En vertu de sa politique datant de 2007, la Caisse «favorise de façon générale une structure de capital conférant un droit unique de vote par action». Le bas de laine des Québécois «ne s'oppose toutefois pas de façon systématique» aux actions multivotantes - notamment dans le cas d'entrepreneurs-fondateurs-propriétaires -, examinant chaque situation «au cas par cas».

La Caisse n'a pas voulu commenter vendredi les cas soulevés dans cet article ni préciser si sa politique touchant les actions multivotantes s'applique à l'ensemble de ses investissements, ou seulement à ses nouveaux investissements.
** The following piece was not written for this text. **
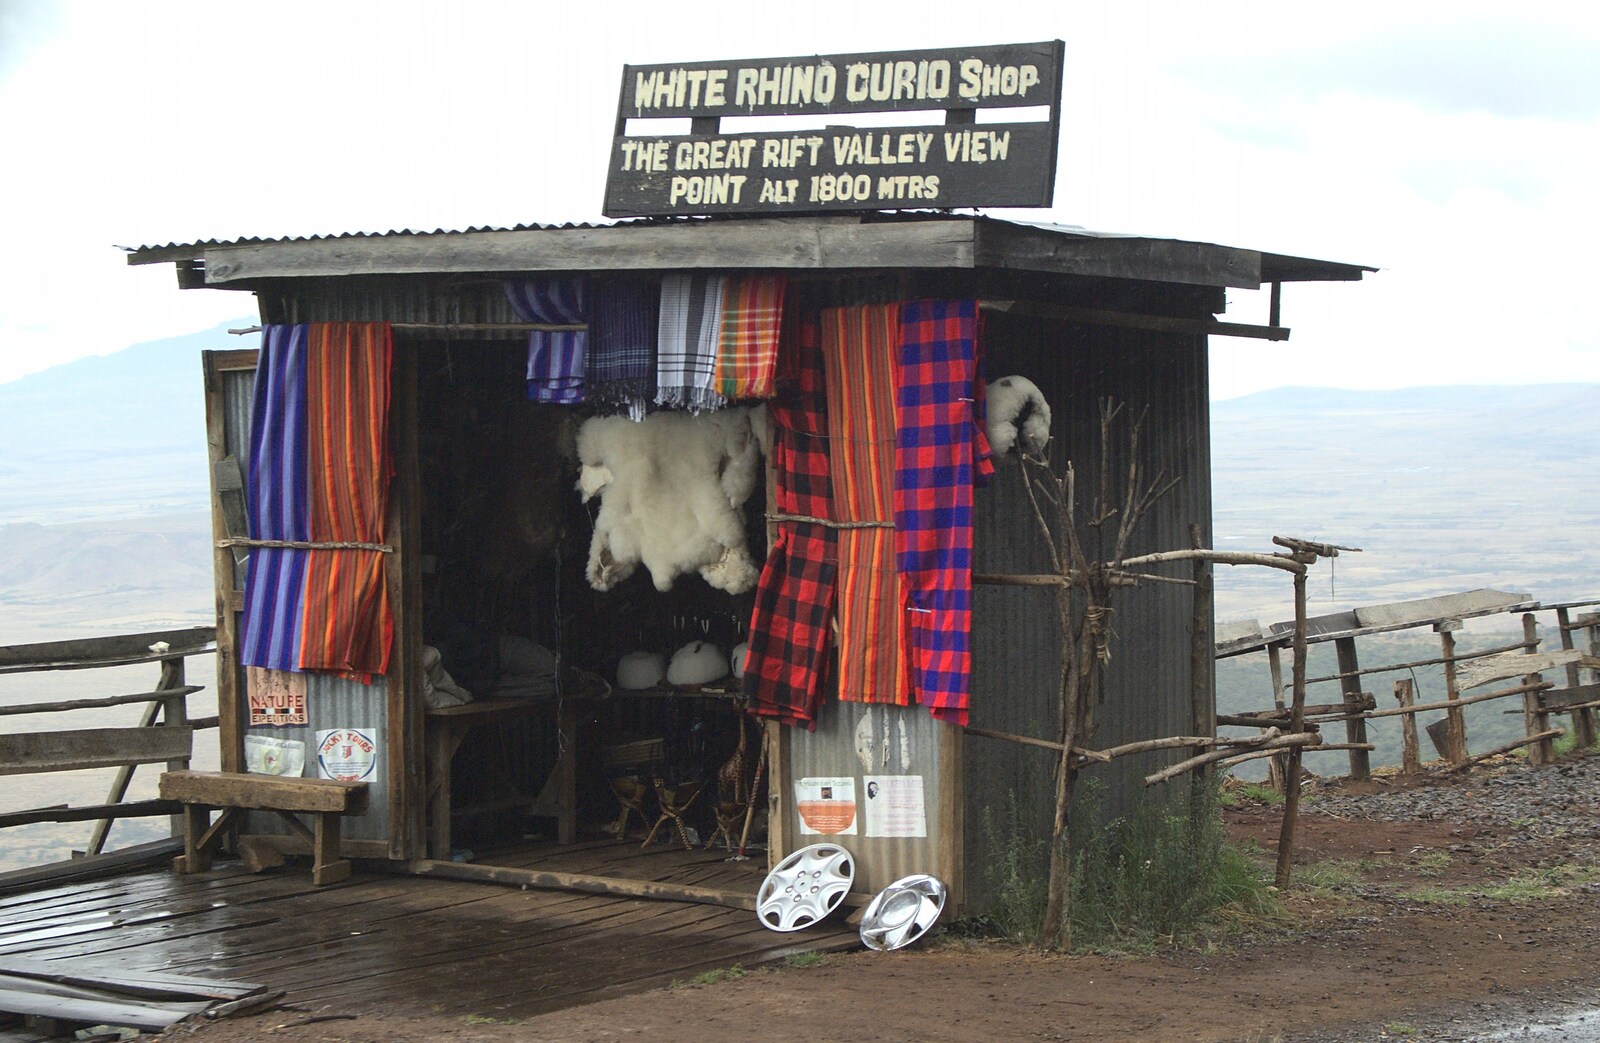 The White Rhino Curio shop on the top of a cliff from Nairobi and the Road to Maasai Mara, Kenya, Africa - 1st November 2010

Sa politique indique toutefois qu'en cas de création d'actions multivotantes, la Caisse s'attend à ce que les actions à droit de vote multiple soient limitées à un ratio de six votes par action.

GDI et Fiera Capital n'ont pas donné suite aux messages laissés par La Presse.

- Avec la collaboration de Vincent Brousseau-Pouliot

Des demandes de la caisse

> Février 2015: Bombardier procède à une émission d'actions et la Caisse pose plusieurs exigences, dont une liée aux actions multivotantes, selon le Globe and Mail.

> Mars 2015: La Caisse fait des demandes précises sur le prix dans le cadre d'un placement privé pour des actions de Fiera Capital.

> Mai 2015: La Caisse passe son tour lors du premier appel public à l'épargne de GDI en raison d'un critère précis non lié à la gouvernance.

> Juin 2015: La Caisse obtient seulement 20% de sa commande en actions lors du premier appel public à l'épargne de Stingray après avoir initialement présenté des exigences liées aux actions multivotantes.